Galaxy S24 i Xiaomi 14 będą piekielnie mocne, ale możesz na nich nie uruchomić ulubionych aplikacji
-
- 24.03.2023, godz. 10:28
Smartfony w 2024 roku będą zdecydowanie mocniejsze od telefonów z tego roku. Jednak zajdą też duże zmiany i nie pozwolą one otwierać wielu aplikacji.
Czekając na najnowsze flagowce nie oczekujemy tylko samych telefonów, ale też kolejnej generacji podzespołów, które będą je napędzać. Bez wątpienia najważniejszym z nich - swoistym sercem telefonu - jest procesor, który odpowiada za wszystkie funkcje obliczeniowe urządzenia. Dzięki najnowszemu przeciekowi dowiedzieliśmy się kilku nowych informacji na temat SoC, które napędzać będzie flagowce wszystkich największych firm w przyszłym roku. Nadchodzący Snapdragon 8 Gen 3 wprowadzi spore zmiany, ale też uniemożliwi korzystanie z niektórych aplikacji.
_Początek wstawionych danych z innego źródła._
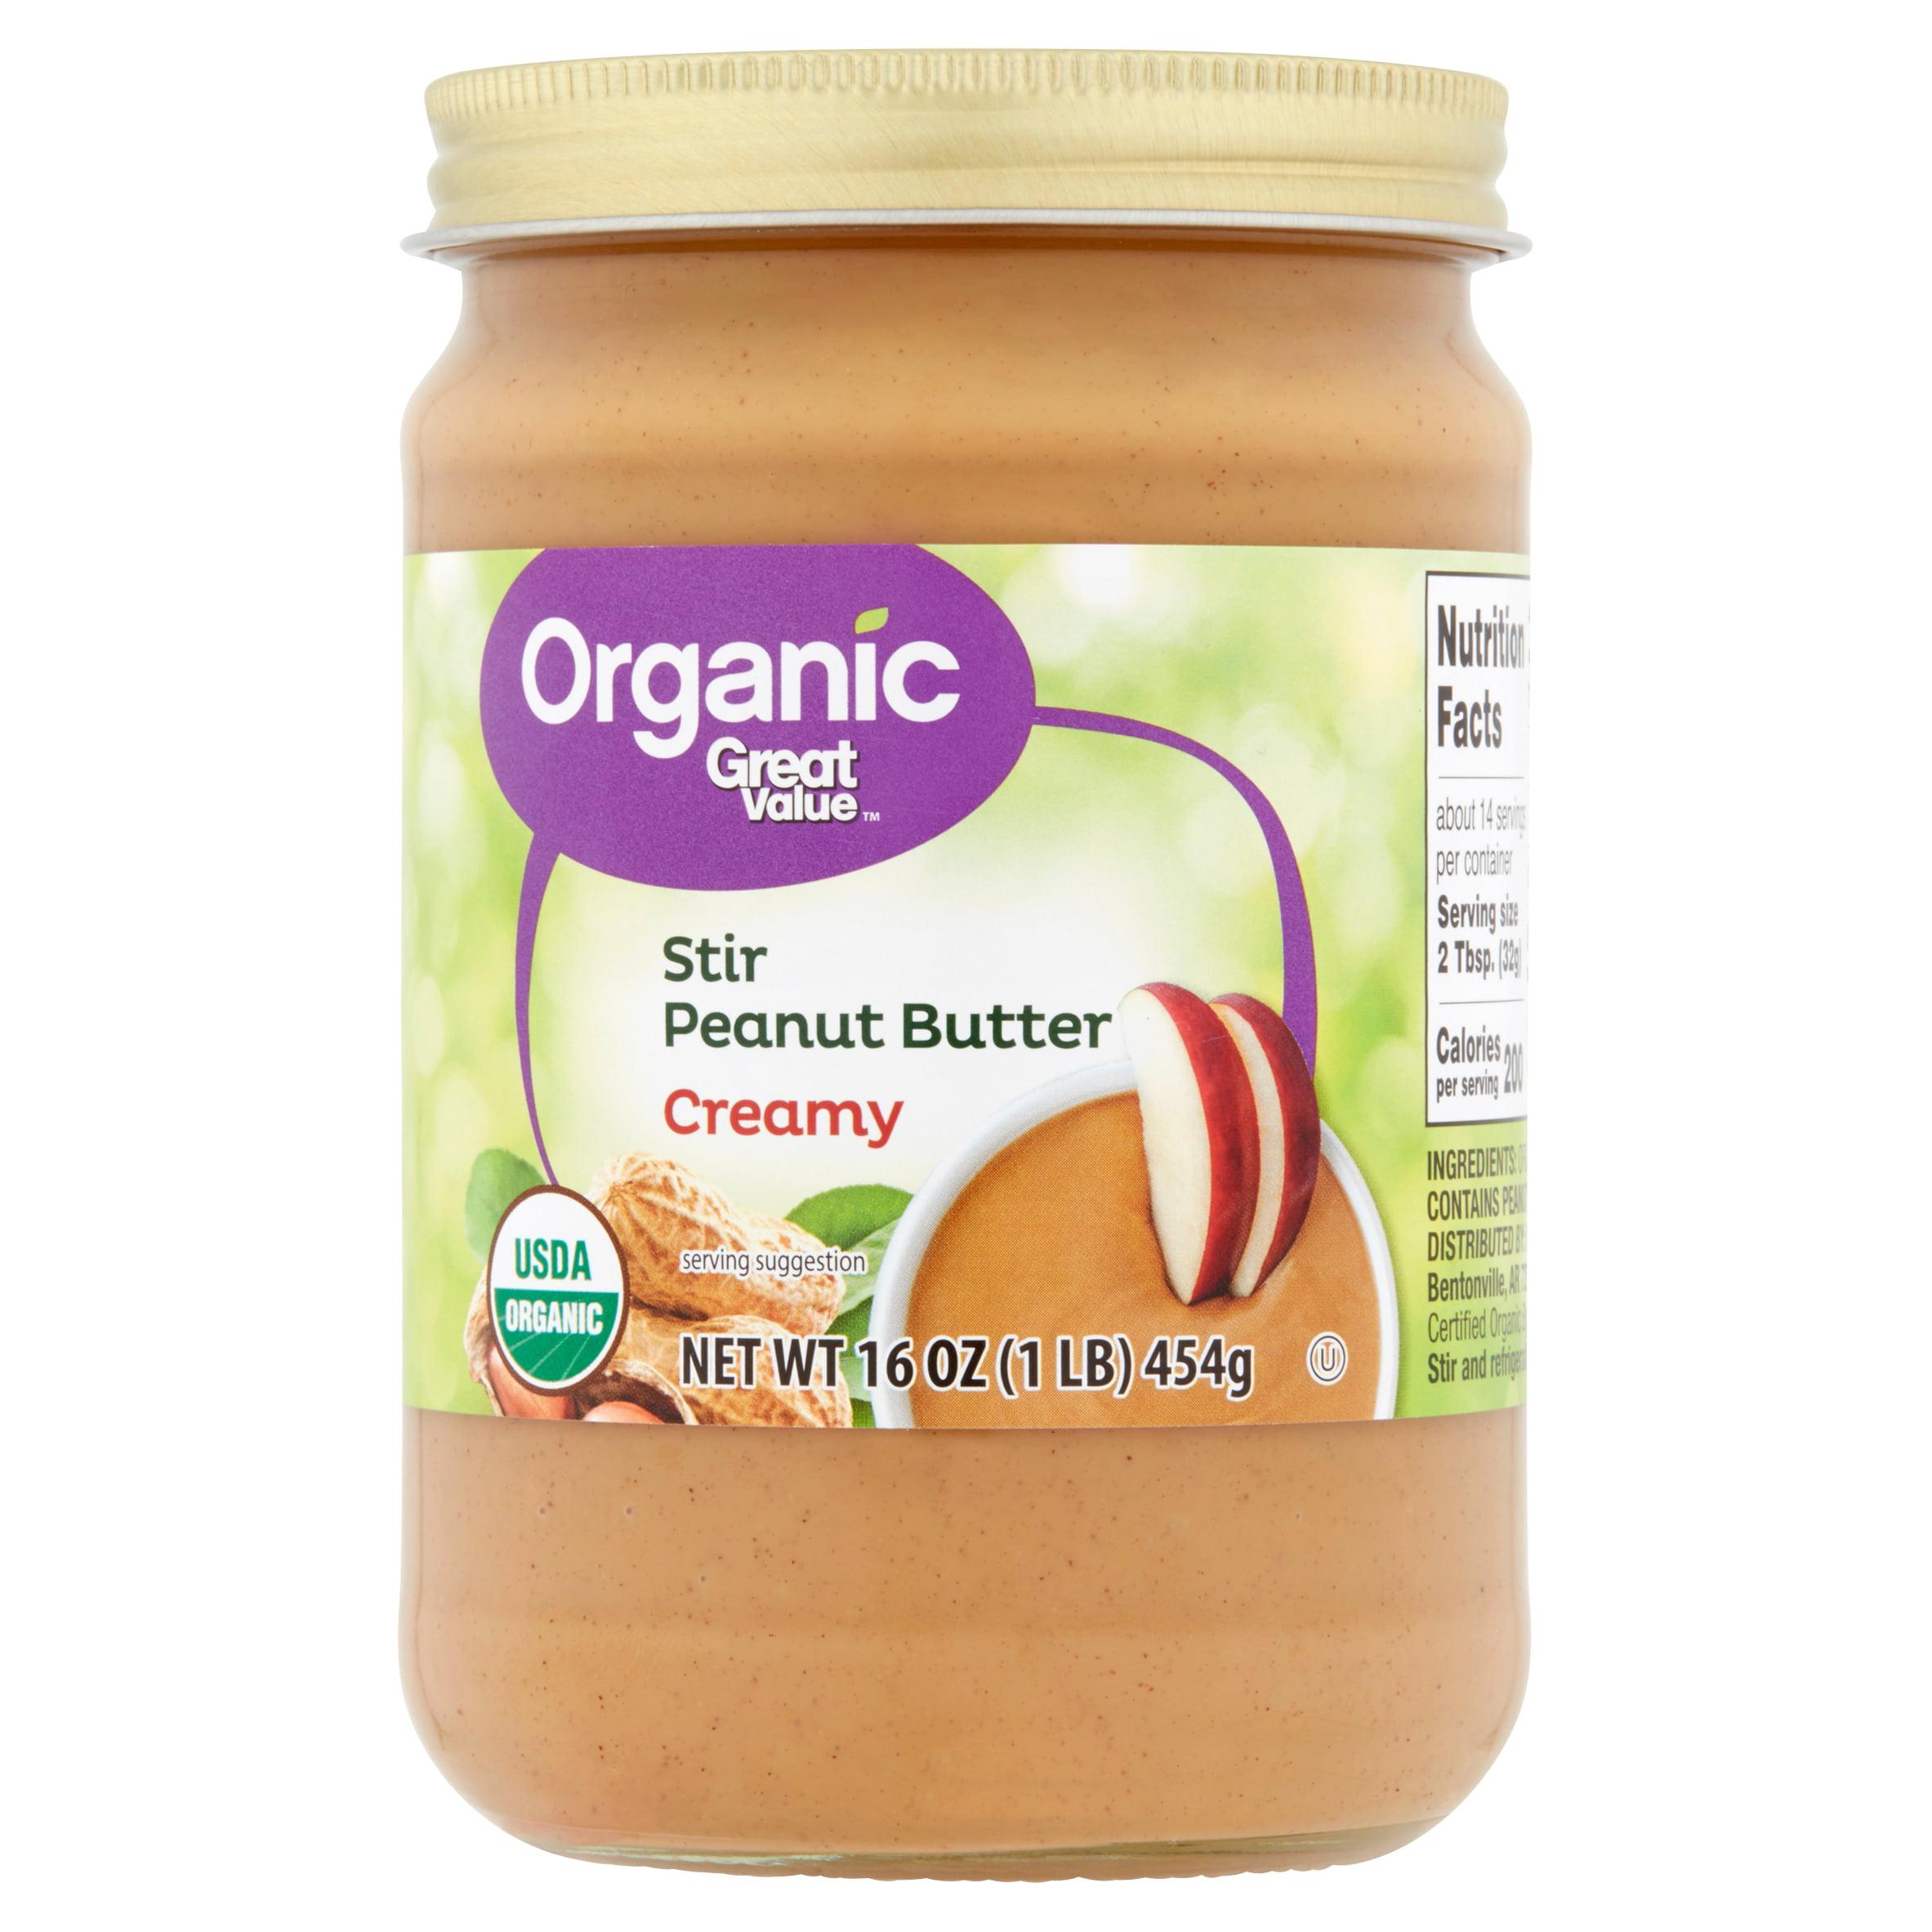 Great Value Organic Creamy Stir Peanut Butter, 16 oz

Według przecieków zaprezentowanych przez Kubę Wojciechowskiego, przyszłoroczny układ od Qualcomm ma się charakteryzować nietypowym układem rdzeni. Zostaną one połączone w konfiguracji 1+3+2+2. Oznacza to, że procesor będzie miał:
- Jeden najmocniejszy rdzeń Hunter ELP (Xn) Gold+
- Trzy mocne rdzenie Hunter (A7XX) Gold
- Dwa średnie rdzenie Hunter (A7XX) Titanium
- Dwa energooszczędne rdzenie (A5XX) Silver
According to my sources, the SoC will have the following CPU config:
— Kuba Wojciechowski :3 (@Za_Raczke) March 23, 2023
2x Arm codename Hayes (A5xx) "silver" cores
3x Arm codename Hunter (A7xx) "gold" cores
2x Arm codename Hunter (A7xx) "titanium" cores
1x Arm codename Hunter ELP (Xn) "gold+" core
W porównaniu do układów używanych teraz, wygląda na to, że Qualcomm chce zastosować mniej energooszczędnych rdzeni na rzecz mocniejszych rdzeni z serii A700 w dwóch konfiguracjach mocy. Dzięki temu możliwości multitaskingu telefonów z tym czipem powinny zostać znacząco zmniejszone, a dzięki mocniejszym rdzeniom energooszczędnym jednocześnie nie powinniśmy odczuć zmian w prędkości wykonywania podstawowych zadań wykorzystujących najsłabsze rdzenie, nawet pomimo ich mniejszej liczby. Nowe układy zostaną też wyposażone w nową wersję układu graficznego Adreno 750, którego taktowanie powinno sięgnąć 770 MHz.
Zobacz również:
- Spory problem z Samsungami Galaxy S23, S23 Plus. Chodzi o aparaty
- Chcesz kupić Samsunga Galaxy A54? Oto najlepsze i najgorsze zmiany w nowym średniaku
- Kiedyś słaba kopia, teraz świetny wybór. Oto dlaczego MIUI jest nakładką na Androida dla Ciebie
Jak widać, najnowszy procesor od Qualcomma ma wykorzystać nie tylko nowy układ rdzeni, ale też zupełnie nowe rdzenie. Będzie się to wiązało nie tylko ze zwiększoną wydajnością, ale też z jednym skutkiem ubocznym. ARM, firma produkująca rdzenie wykorzystywane w procesorach Snapdragon, nie wyposaża już swoich nowych projektów we wsparcie dla instrukcji 32-bitowych. Oznacza to, że Qualcomm Snapdragon 8 Gen 3 nie będzie już wspierał aplikacji napisanych w 32-bitowej architekturze.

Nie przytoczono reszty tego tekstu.